Stage: Wednesday, May 09, 2002
A D V E R T I S E M E N T
A D V E R T I S E M E N T
Tragically Hip

The two conjoined ladies of ‘Side Show’ stir Theatre Three.

By JIMMY FOWLER

lame those fickle tourists, outrageously high ticket prices, or the off-putting notion of a musical based on the doomed love lives of a pair of Siamese twins: Probably for all the above, Side Show closed on Broadway after just three months in 1997. Its producers lost about $7 million dollars, despite netting lavish critical notices and a pair of Tony nominations for co-stars Alice Ripley and Emily Skinner.
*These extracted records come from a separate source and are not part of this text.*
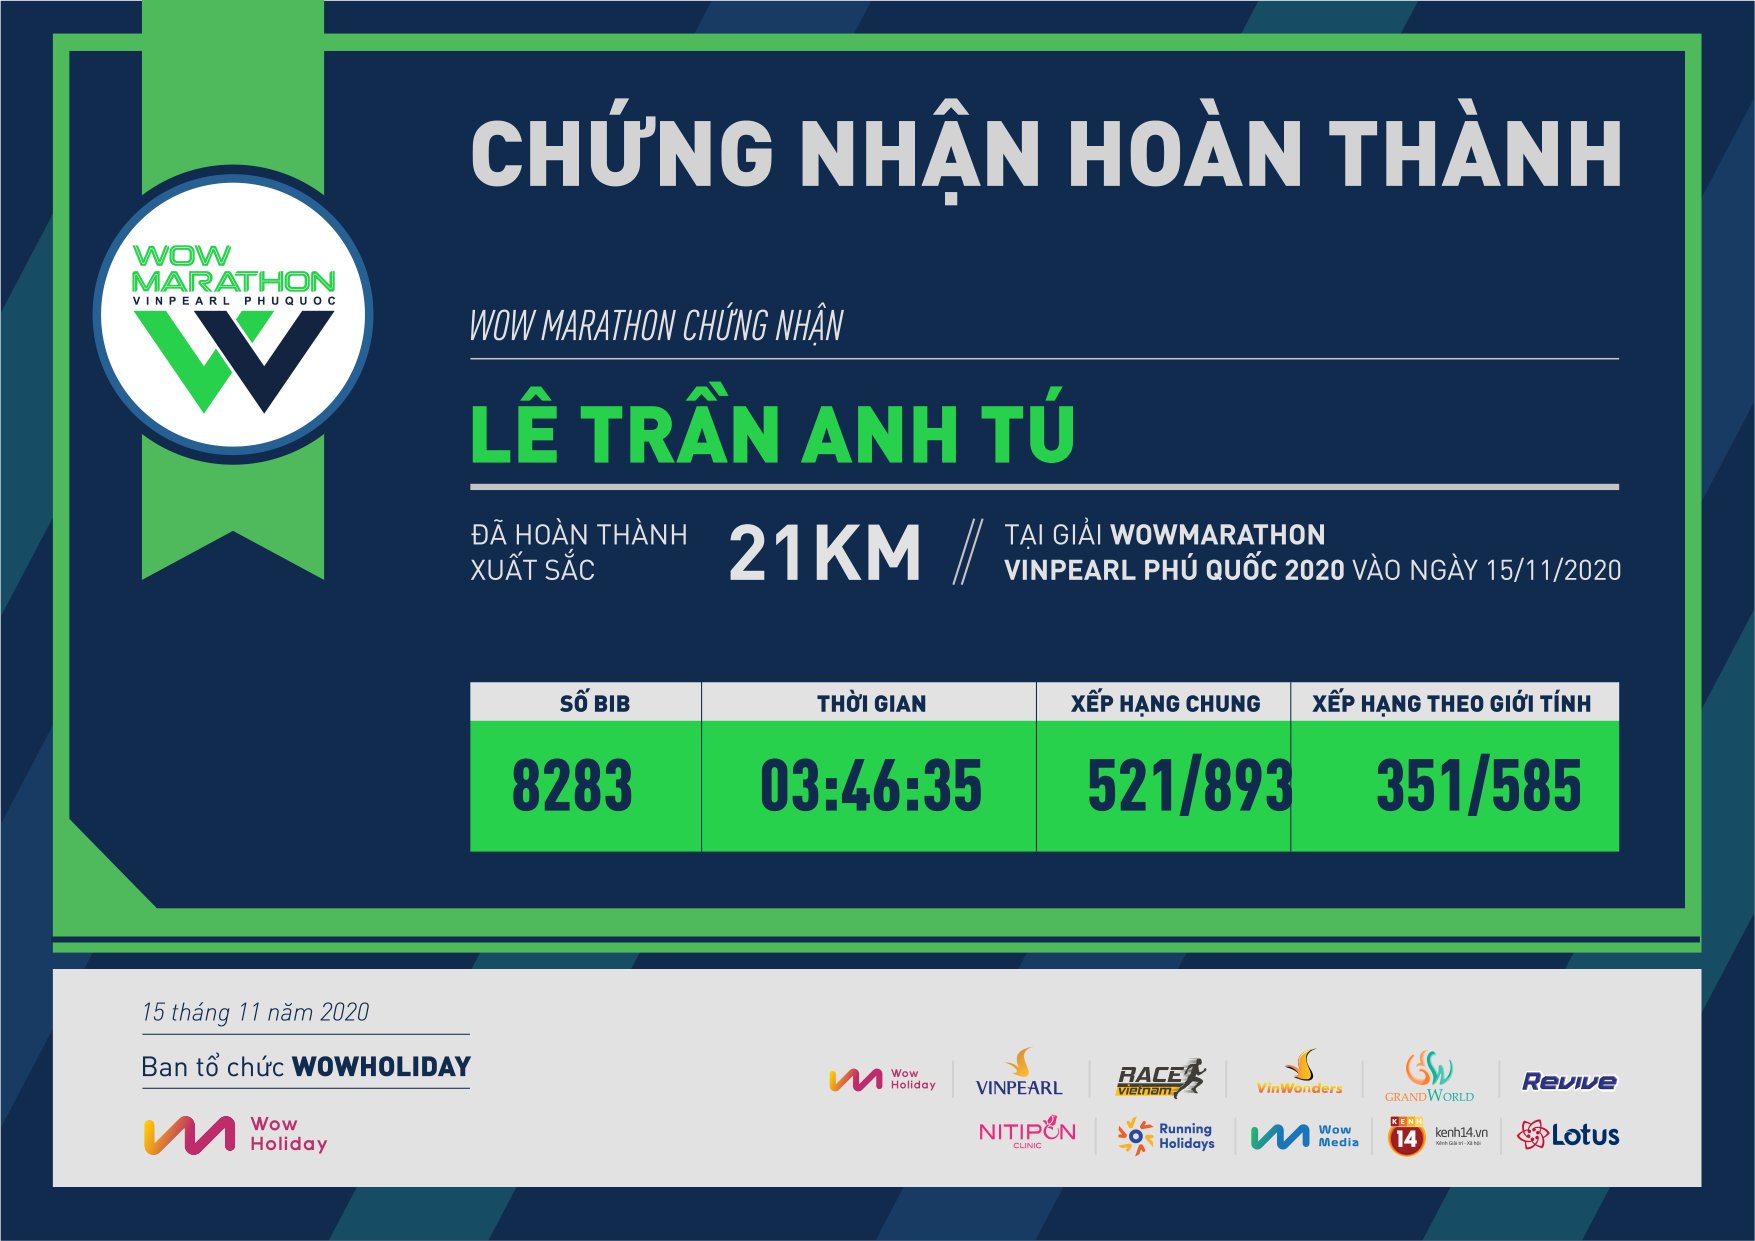 8283 - Lê Trần Anh Tú
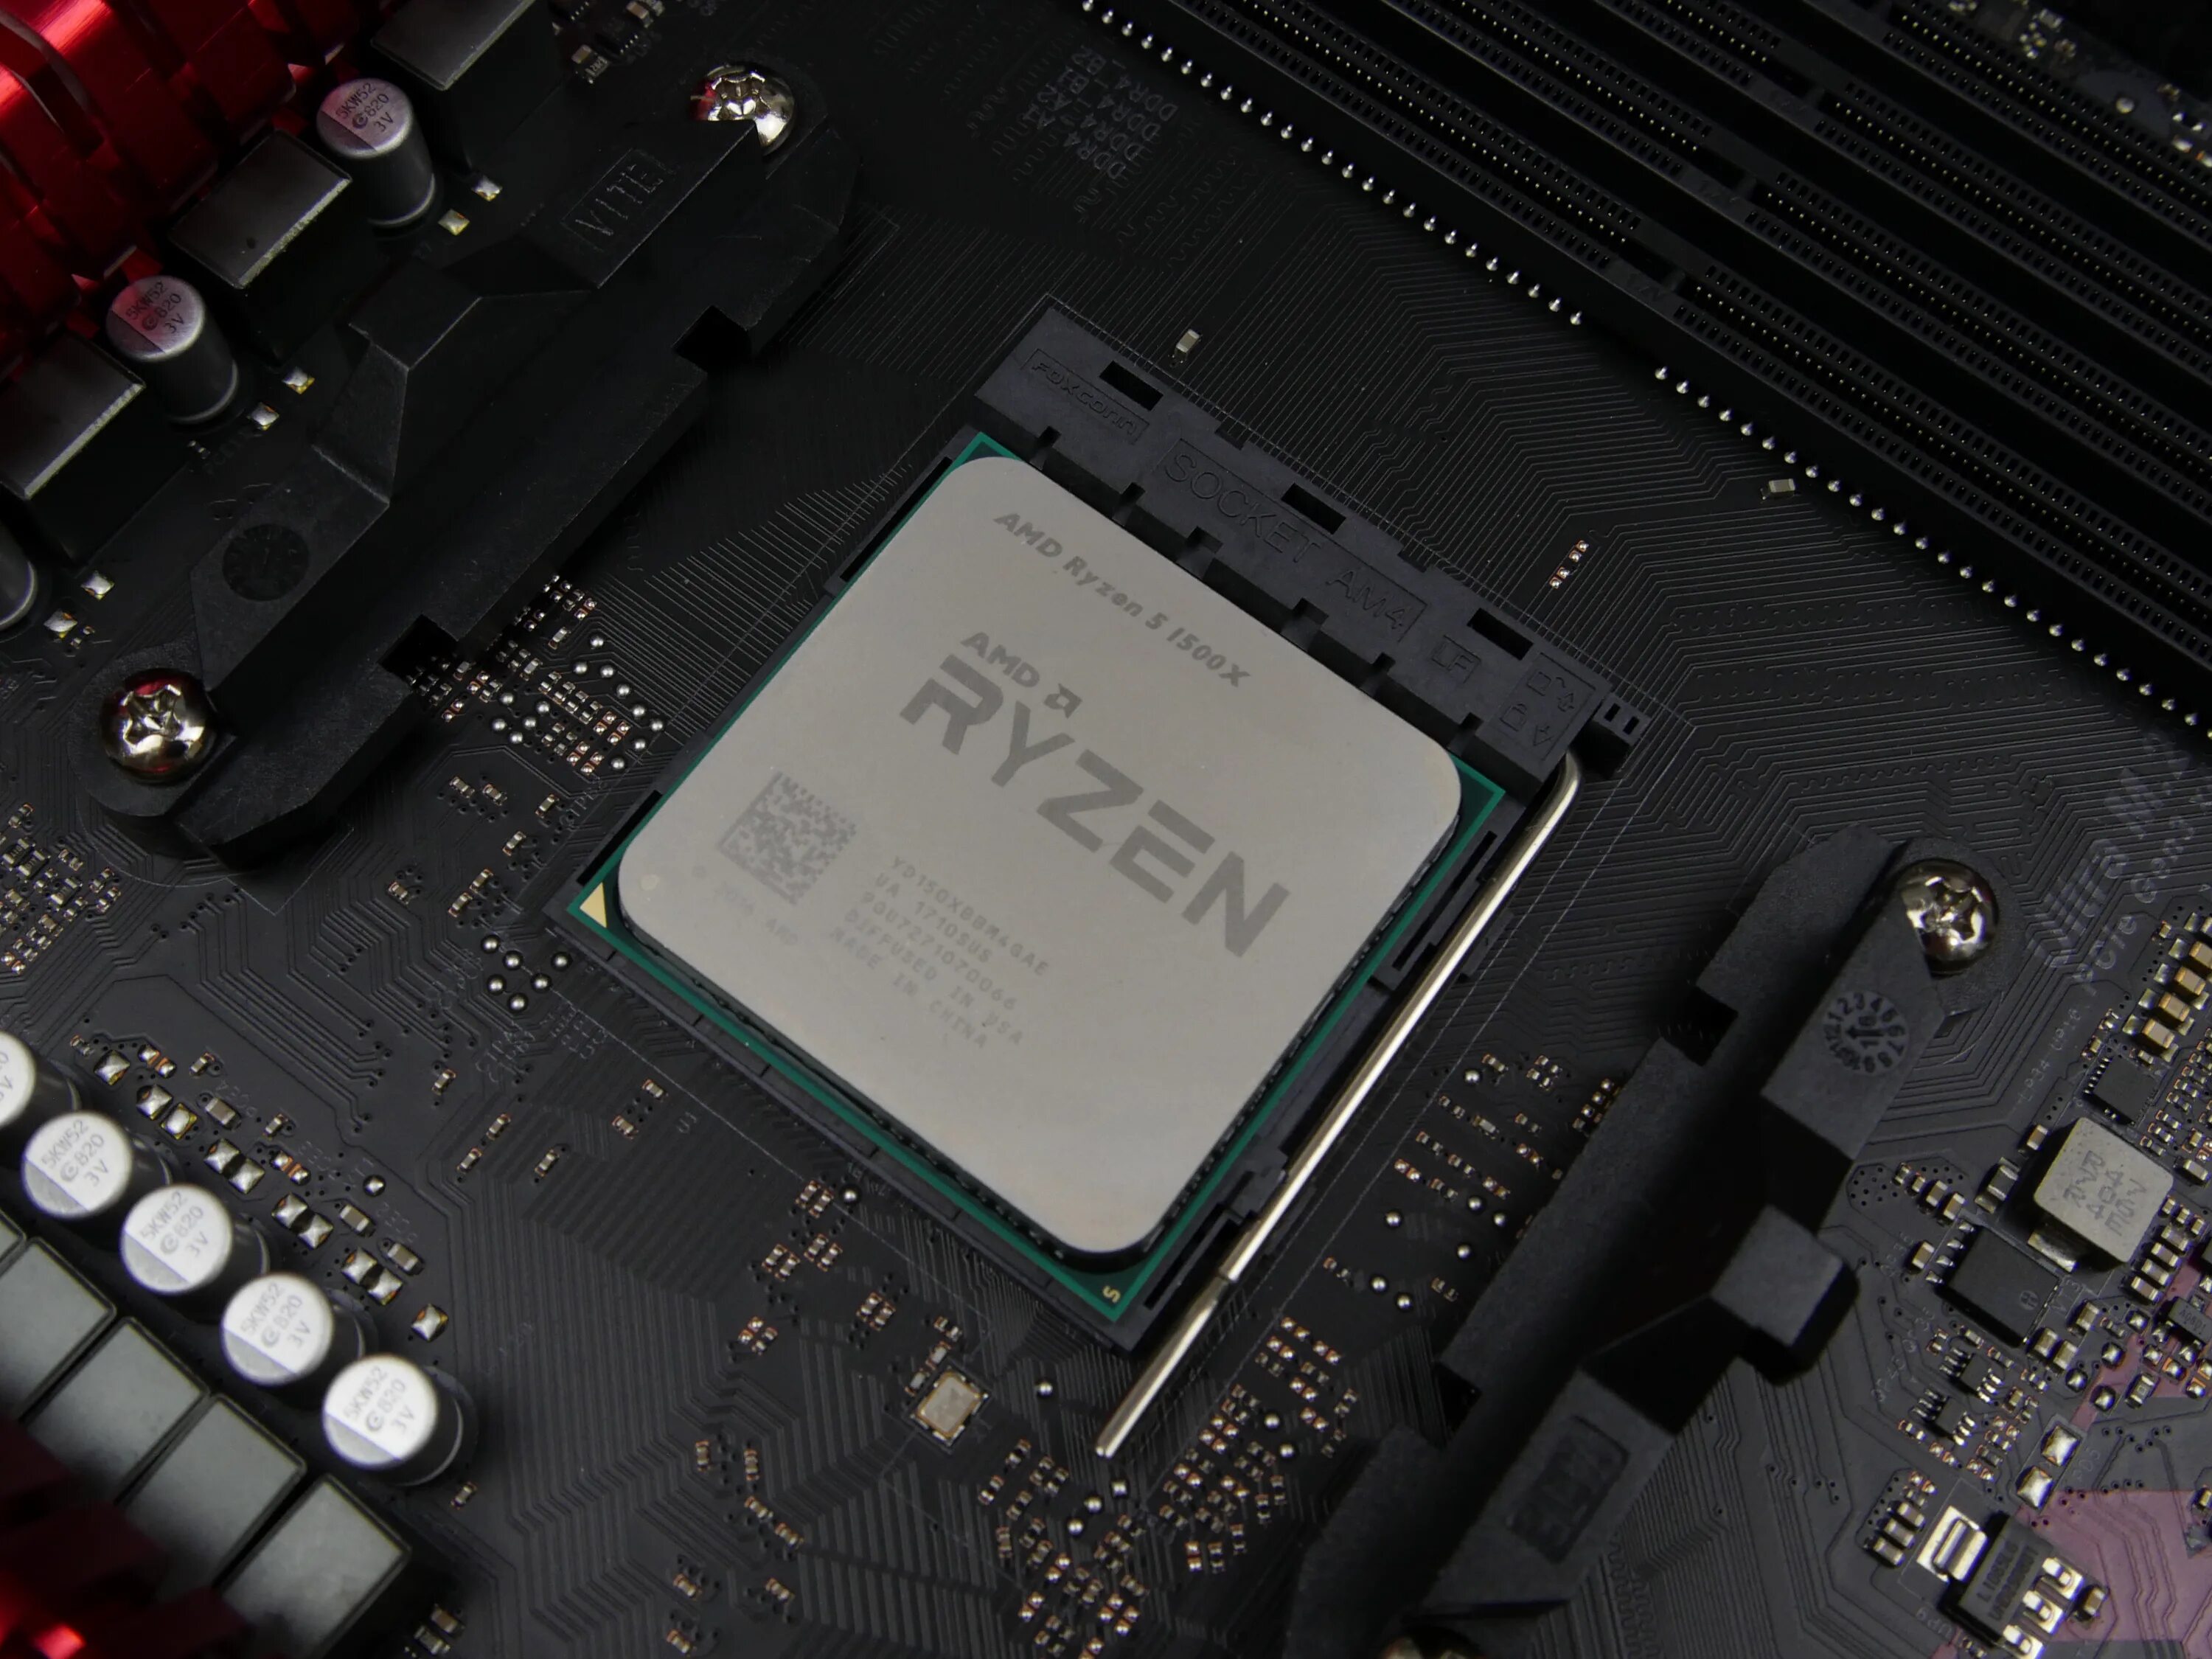 1500х Ryzen. Ryzen 5 1500. AMD Ryzen 5 1500x Quad-Core Processor 3.50 GHZ. Процессор AMD Ryzen 5 1500x (yd150xbbaebox). Райзен какой сокет
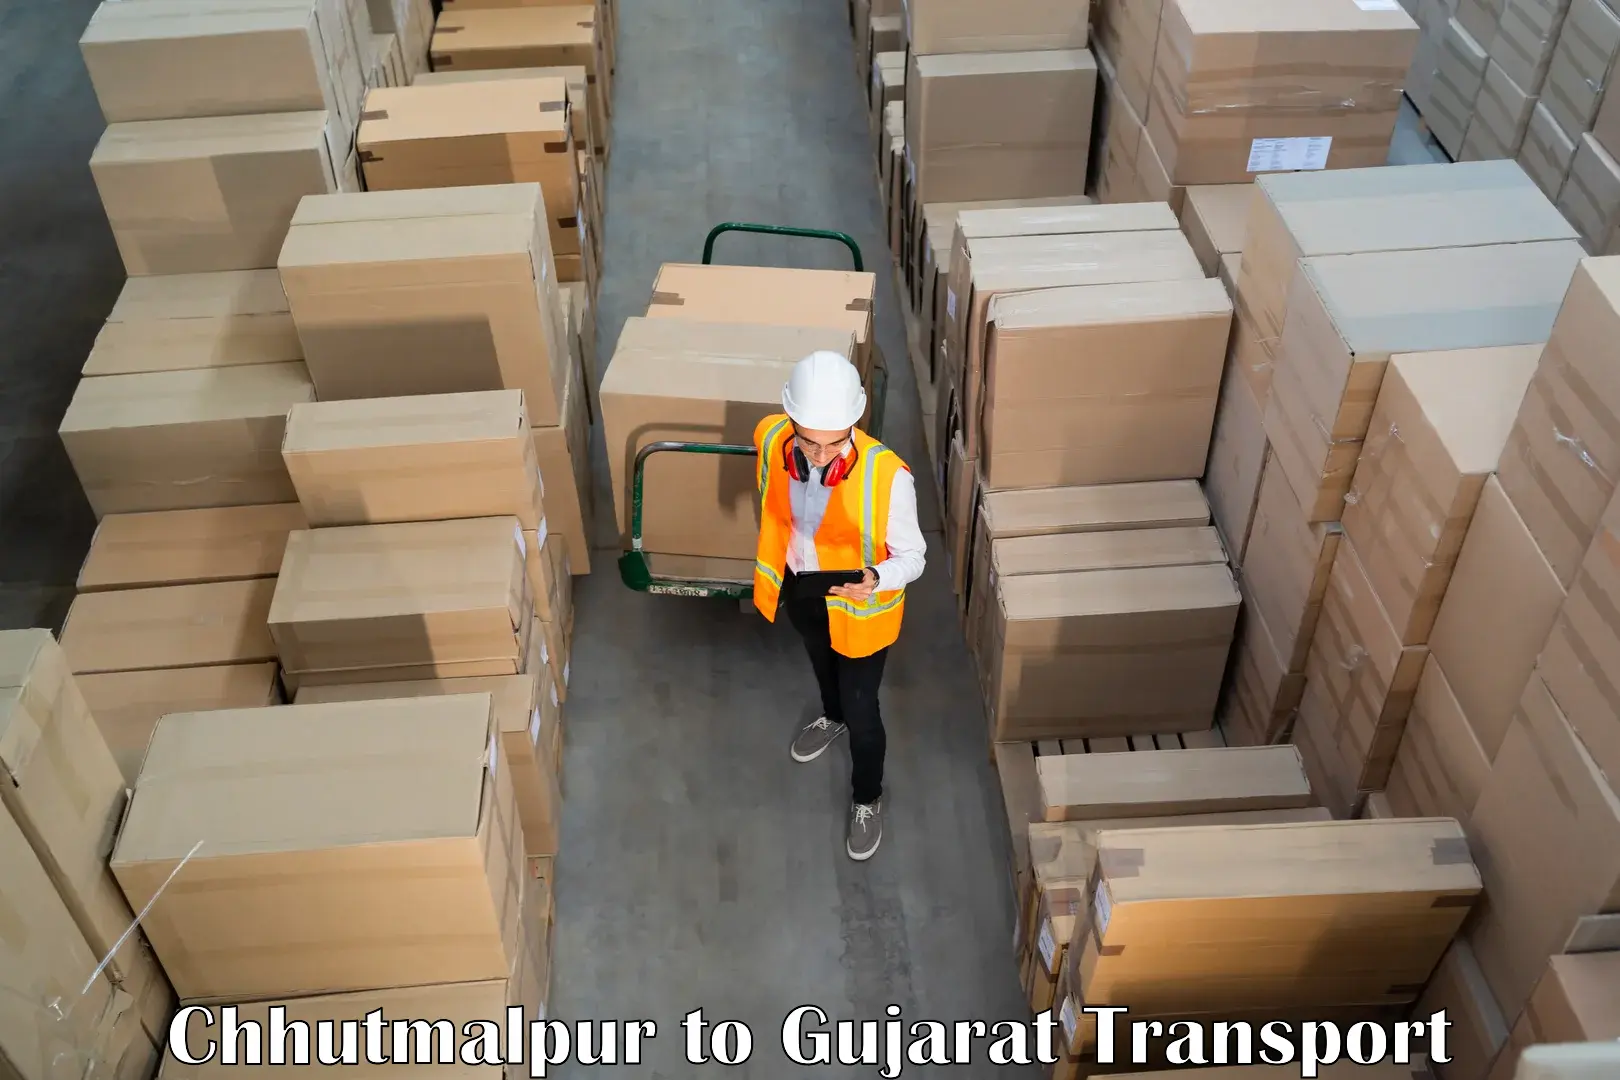 Bike shipping service Chhutmalpur to Tarapur
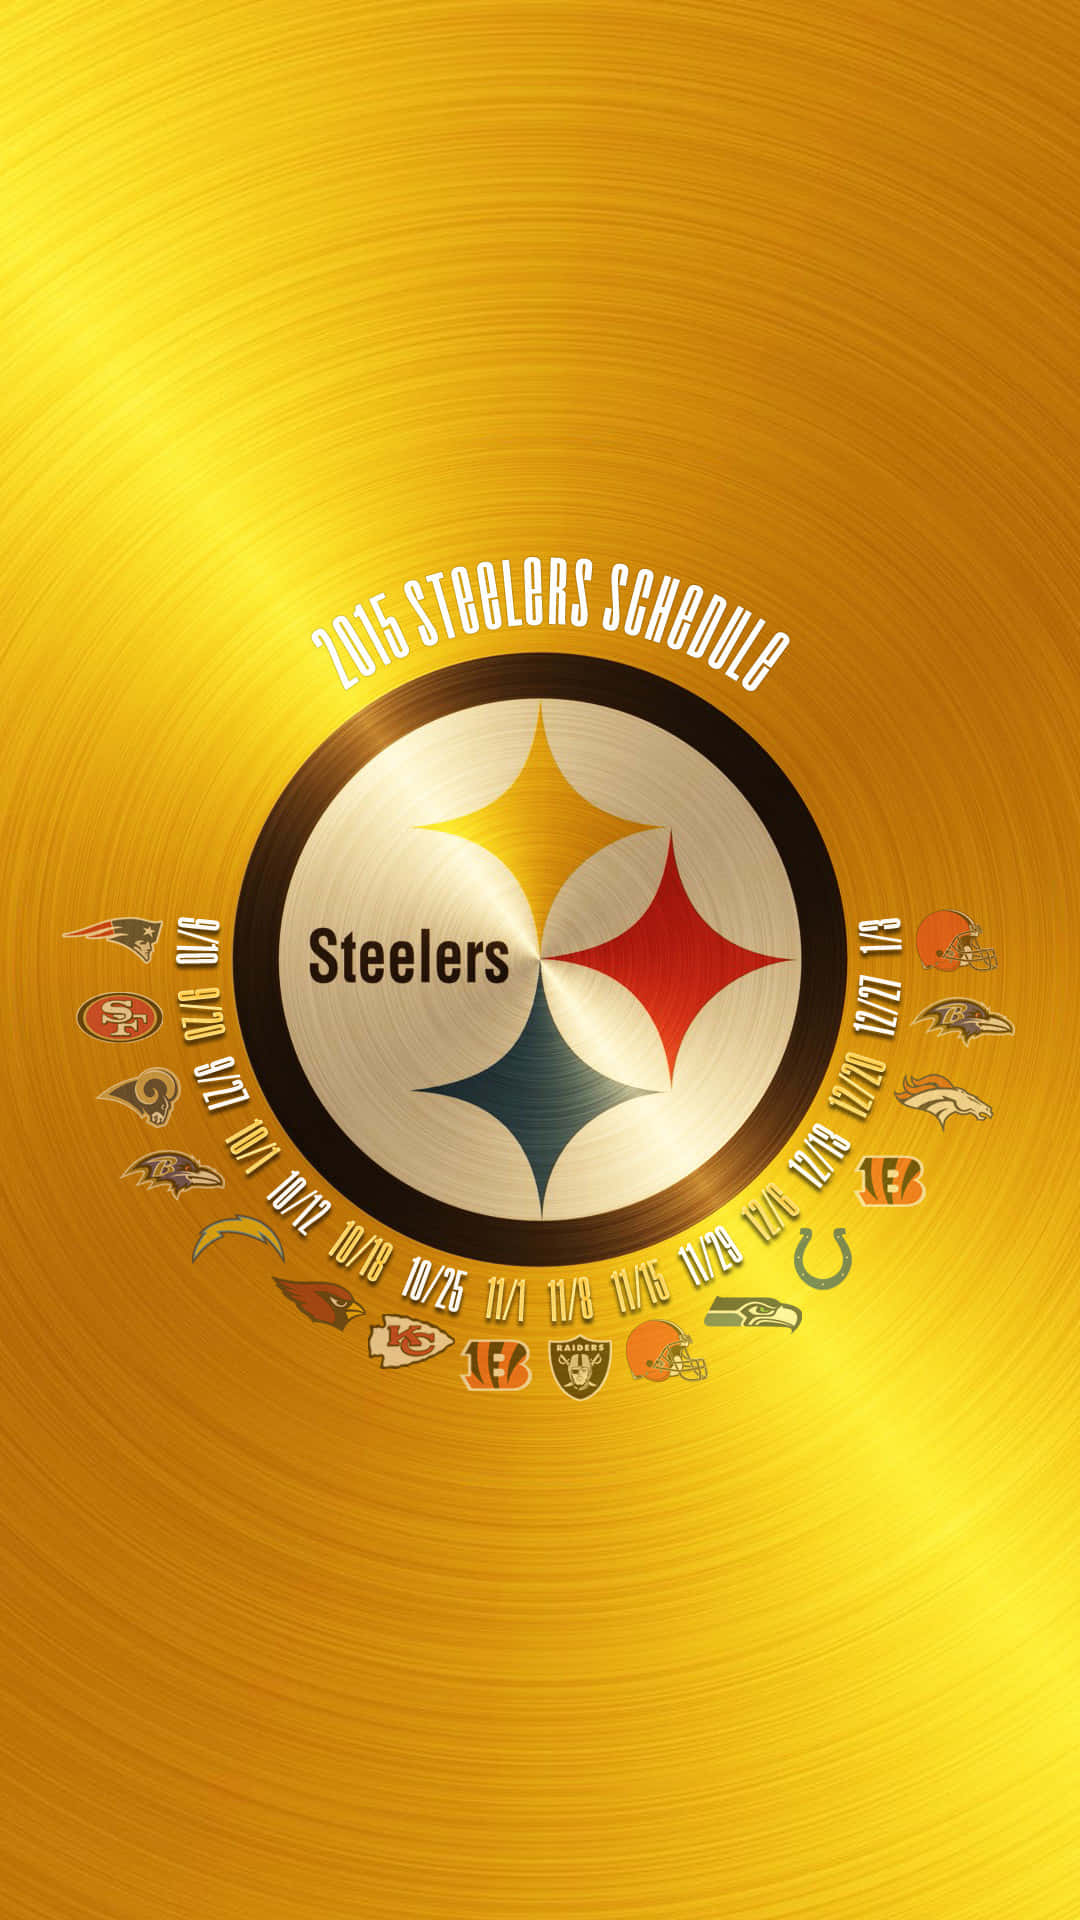 Vis din Steeler stolthed med det tema, der er af Pittsburgh Steelers-Iphone-tapet. Wallpaper

A Side Show original cast recording of Billy Russell’s lyrics and Henry Krieger’s score exists to memorialize those efforts, but locally you could’ve guessed veteran Theatre Three executive producer Jac Alder would be the man to revive this ambitious footnote in Broadway history. Years ago, Alder staged a fantasy sequence in which Jodie Foster waltzed romantically with John Hinckley Jr. (in Stephen Sondheim’s Assassins), so his appreciation for arcane variations on the bloated musical form is long-established. Despite its subject matter, there’s very little that’s strange or lurid about Side Show; its too-familiar romantic yearning is simply embodied by a pair of what the lyrics refer to as “Mother Nature’s mistakes.” Mind you, this is also a condensed and fictionalized account: In order to lend some dignity to the memory of Daisy and Violet Hilton, real-life conjoined sisters and vaudevillian superstars, the authors omitted some deeply tragic truths about the girls’ lives. Their legal guardian beat and forced them at the age of eight to perform as carnival freaks in San Antonio. They ended as penniless and obscure grocery store employees, found curled up dead against a gas heater at age 60.

Director Alder submits to Side Show’s fast-and-loose juggling of the facts and emerges with one of his most cohesive and moving musicals in a decade. He deftly manipulates a cast of 18 performers and material that demands subtle treatment even as it could tempt lesser directors toward grotesque comedy. Only the sincere essentials are permitted — professional ambition, dreams of true love, show-biz chicanery — so that by curtain call, you will experience the Hiltons’ unhappiness without feeling an ounce of pity for them. Empathy is more like it; any one of us so-called “normal” folk could see our lives take a similarly lonely, if less public, path.

Side Show verges on pop operetta; only a handful of lines are spoken. And so Theatre Three has rounded up some vigorously able lungs to recount how Daisy (Julie Stirman) and Violet (Jennifer Freeman) are rescued from a freak-show family of cannibals, pig-faced boys, and quadruple-breasted women by an aspiring singer named Buddy (Ric Leal). He convinces skeptical promoter Terry (Eric Doumeret) that a legitimate act can be assembled around the Hiltons; they’re pretty, they can sing, and they can dance. Plus, it’s the Great Depression, and vaudeville, dying a slow death from radio and film, needs novelty. Daisy is thrilled at the thought of leaving her shabby Midway trailer; Violet has always been nervous under the spotlight and daydreams about marriage and children. In the show’s most stormily passionate number, the sisters’ best friend and protector Jake (a fearsome Keron Jackson) warns them “The Devil You Know (Beats the Devil You Don’t).” He fears for their safety and integrity in the wider world, but off they go to play everything from hair-ribboned, lollipop-toting coquettes who tapdance (the hilarious “When I’m By Your Side”) to exotic Egyptian queens (“We Share Everything”) before thousands of ticketbuyers. Offstage, amorous feelings simmer between the sisters and their handsome promoters (“Feelings You’ve Got to Hide,” a tender admonishment by Daisy to Violet). I won’t disclose further plot turns, but suffice it to say you won’t know which sister makes the greater sacrifice until the very end.

The large supporting ensemble meets the production’s physical demands and quick character changes admirably, but in the end, Julie Stirman and Jennifer Freeman as the Hiltons are the gentle, hopeful, determined soul of this bittersweet show. You might wonder how Theatre Three has conceived the sisters’ spinal connection — a combination of holding hands, pressing shoulders, and some ingenious movement choreography by Linda K. Leonard that might appear less strenuous than a big dance number but is far more complex to sustain throughout a three-hour show. It’s never less than convincing and never impedes the slow emergence of these women’s very divergent personalities. “I’m Daisy!” “I’m Violet!” are their chirpy, identical introductions throughout the show, a motif that grows more ironic as each becomes more desperate to achieve her goals. The moment one sister falls in love, and the other fears this will jeopardize their careers, it’s splitsville—psychologically and soulfully, at least—for this wonderful two-woman act.